Saturday, July 07, 2007

About Senior Photos

My own senior photos were taken at a studio in a small town in the midwest. They cost my parents a rather large sum of money and the photographer was reputable and professional. But I never really liked them, and today I would rather see almost any picture of myself than those. Unfortunately, I don't think my experiences are as uncommon as they should be.

Creating exceptional images of a person who is just discovering who he will be--who may still be a bit awkward or uncomfortable with that developing personality--is a challenge, and one that deserves a lot more personal attention than a templated pose plus sports or hobby item, or a traditional background with Sunday clothes, can offer.
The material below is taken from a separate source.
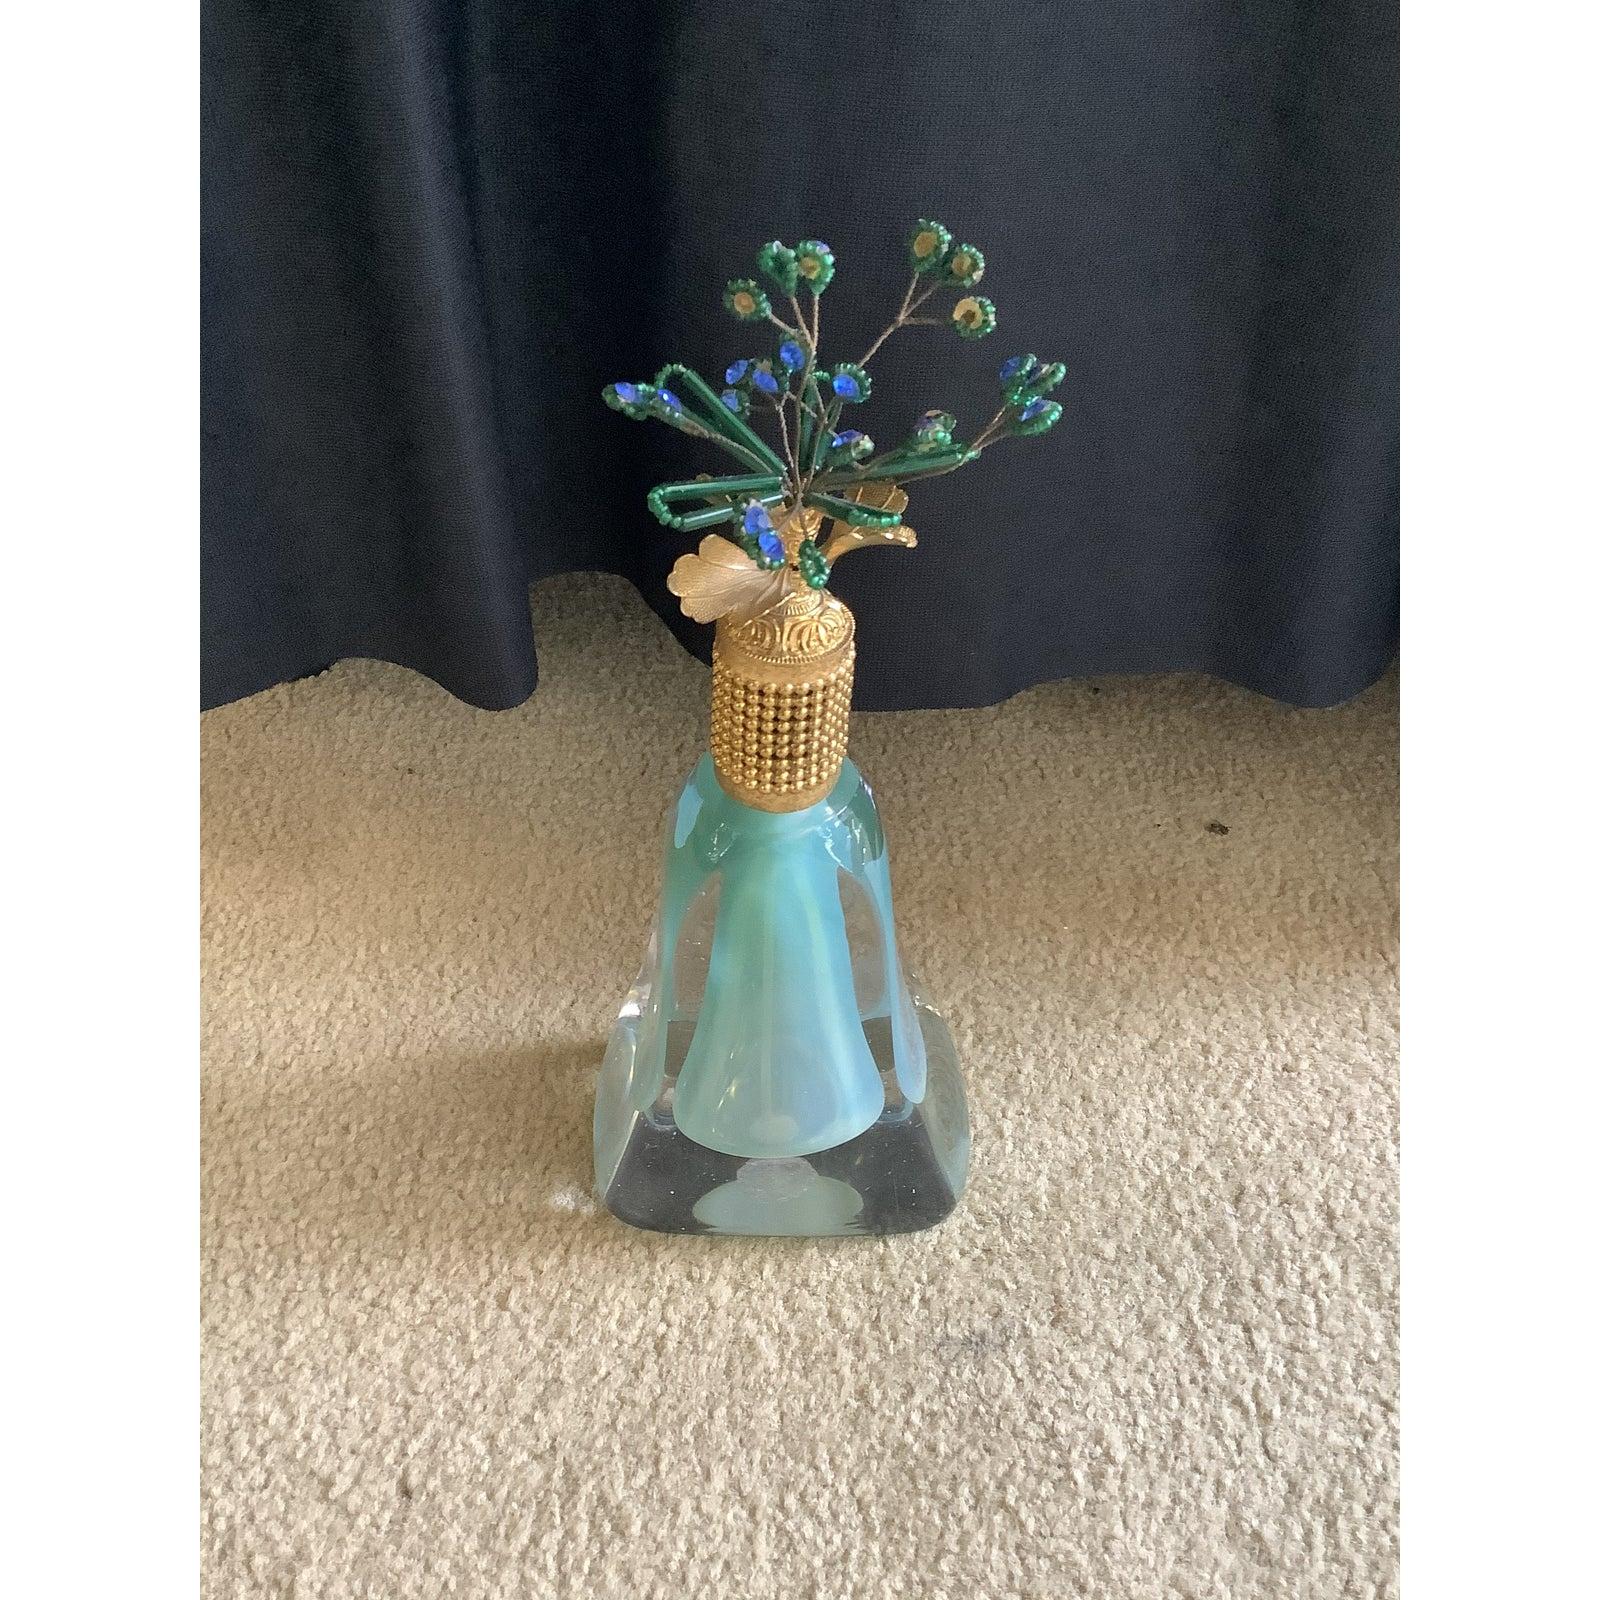 Murano glass perfume bottle with custom top by Irice. The bottle is clear with the inside being a beautiful aqua green. The atomizer is in working condition with a long plastic tube. The top has a very intricate brass fitting with leaves around it

In order to create senior photos with class that will last and a story that means something, I have seniors follow a procedure that I believe will help me to tell their best story.
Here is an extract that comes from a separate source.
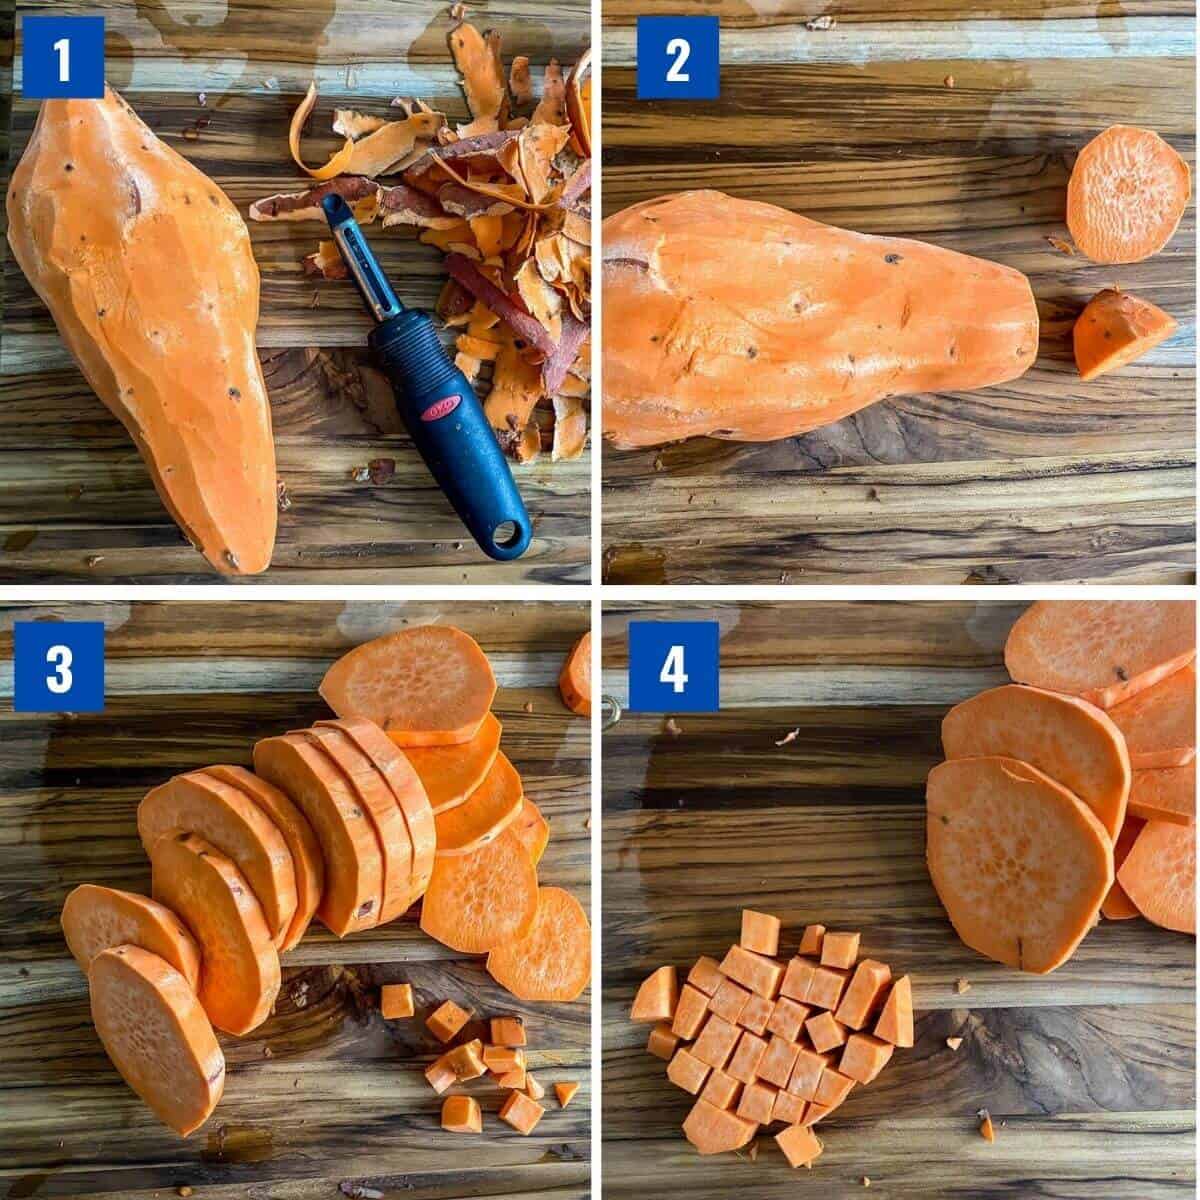 How to cut sweet potato into cubes; first cutting into circles and dicing them from there.

1. An Interview is mandatory before any senior shoot. Both the subject and I should come to this meeting hoping to learn. I will learn what the subject is like and what he or she cares about; the subject will learn what looks good in a photograph and what kinds of things can be used to communicate in a still image. Expect this meeting to take up to fifteen minutes but not longer.
2. Outfits, props, and location should be discussed at the interview. I am open to many different kinds of options but I will not photograph anything immodest or tasteless (photographer's discretion). Outfit, props, and location should all be used to tell a unified story or create a consistent mood in the photograph. We will work together to create the perfect combination to tell the best story.
2. A Review of the subject will take place once the subject arrives for the shoot, to confirm that wardrobe, makeup (where applicable), and any other props or accessories are in order. If there is any problem the subject will have the opportunity to fix the problem before the shoot. Also, if the subject is dressed immodestly or inappropriately, I reserve the right to refuse to take the picture. The sitting fee is still due in such cases, but the subject will always be given an opportunity to rectify the situation.
3. An Assistant, Parent, or Friend must always be present when I am shooting a young lady, or any minor child. This is to avoid unpleasantness, lawsuits, and--last but not least--the appearance of evil.
4. A Re-Shoot can be requested by the subject if for some reason none of the initial photographs were acceptable. This may be provided at no cost in some instances (Photographer's discretion) but will never cost more than half of the original fee.